We are in the process of purchasing a three bedroom bungalow on a rugged, sandstone portion of the Lake Superior shore. It is about 30-40 minutes from our home, in an unorganized (rural) township.

I will be seeking people to rent on a weekly basis, for a number of weeks throughout the year, to cover the mortgage and expenses, or partly anyway. Due to the rugged shoreline at this location, I will not be seeking young families due to the lack of a sand or pebble beach. I believe it is a perfect location for canoeists, kayakers, fisherman, and snowmobilers. The snowmobile trail is a brief drive up the shoreline. It may also appeal to photographers and artists.

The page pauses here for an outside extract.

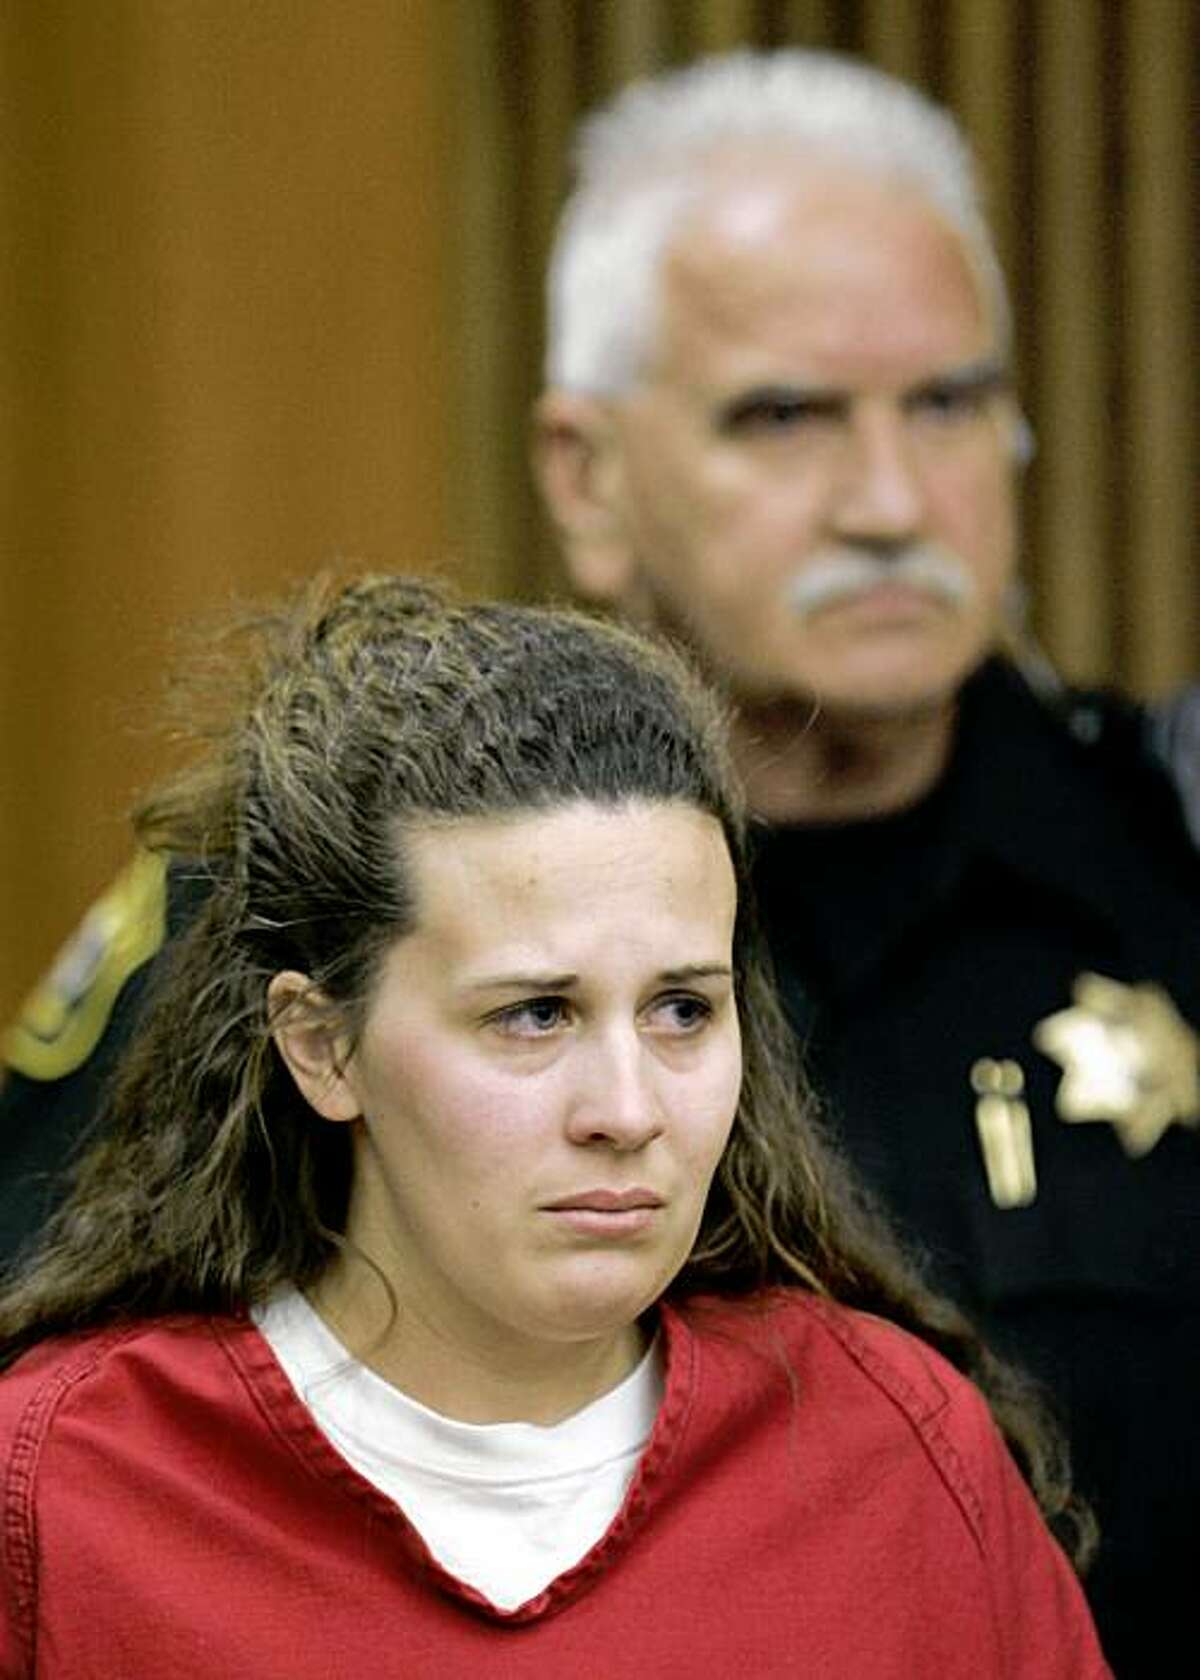 Melissa Huckaby, 28, listens in a Stockton, Calif., courtroom during her arraignment, Tuesday, April 14, 2009. Huckaby was charged with murdering her daughter's friend, 8-year-old Sandra Cantu, in a gruesome crime that has shocked and terrified residents in Tracy, a city of about 78,000 people, 60 miles east of San Francisco. (AP Photo/Paul Sakuma, Pool)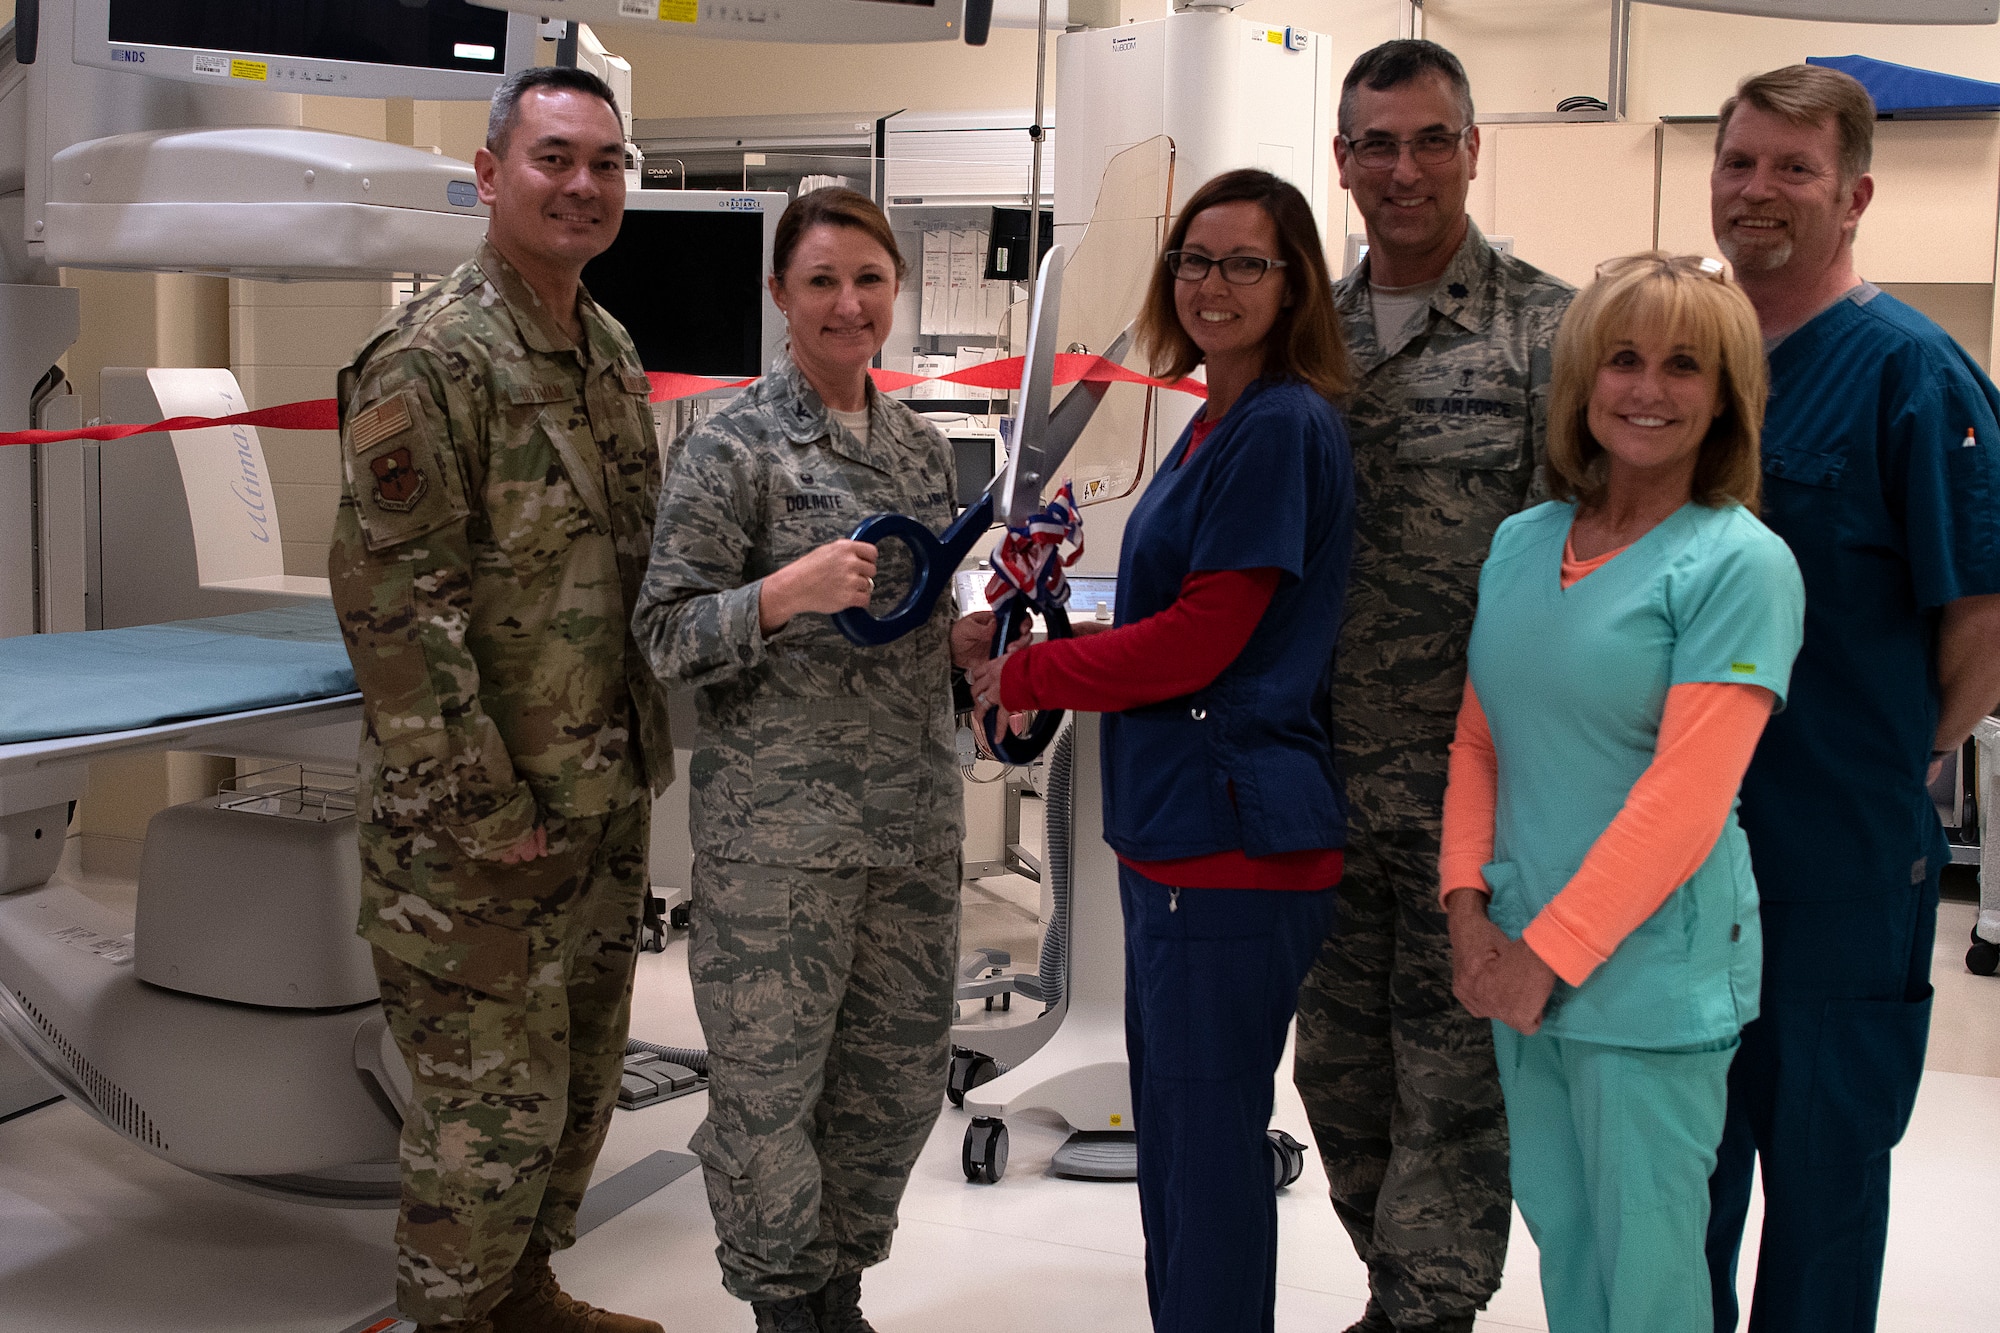 U.S. Air Force Col. Beatrice Dolihite, 81st Medical Group commander, and 81st MDG personnel participate in a ribbon cutting ceremony inside Keesler Medical Center on Keesler Air Force Base, Mississippi, April 10, 2019. The Radiology Oncology Clinic received a Positron Emission Tomography and Computer Tomography scanner as well as an Interventional Radiology Program, which will improve patient care. (U.S. Air Force photo by Senior Airman Suzie Plotnikov)

I would be targeting both Canadians and Americans, as I-75 terminates at our doorstep.

As we have only dealt with student rentals to this point, if anyone has recommendations regarding seasonal/recreational rentals, I would be appreciative of any tips you may have, including where and how to advertise.


----------



## Berubeland (Sep 6, 2009)

Kijiji & vacation rental boards my understanding from people I know who rent out their cottages is after a while, you get enough people renting your cottage year after year to just keep going and not advertize too much.


----------



## RCB (Jan 11, 2014)

Thank you x 2. Your website was part of my research before diving into student rentals several years ago.


----------



## Berubeland (Sep 6, 2009)

Ha I'm surprised, I'm very realistic about student rentals. You get extra money but you guys work for it. 

I just had a guy have to convert his "student rental" back into a regular rental (Another one where the real estate agent misrepresented the property) after the condo board enforced the rules against short term and rooming houses. 

It is worth it if you can keep a close eye on it yourself. Skyline REIT actually go their start in student rentals.


----------



## tygrus (Mar 13, 2012)

I think by ignoring families you are missing a major market. Fishermen and hikers and such are just as happy sleeping in a tent, but families rent cabins.

One thing I learned about the vacation rental market is that people want amenities. Pool, hot tub, beach, boat, dock, small town nearyby to got for supper etc.


----------



## kcowan (Jul 1, 2010)

Make sure you handle the turnover yourself and do not return the damage deposit until you have checked everything. If the renters are anxious to leave, let them leave without their damage deposit and promise to mail any balance owing.


----------



## RCB (Jan 11, 2014)

Thanks to all.


----------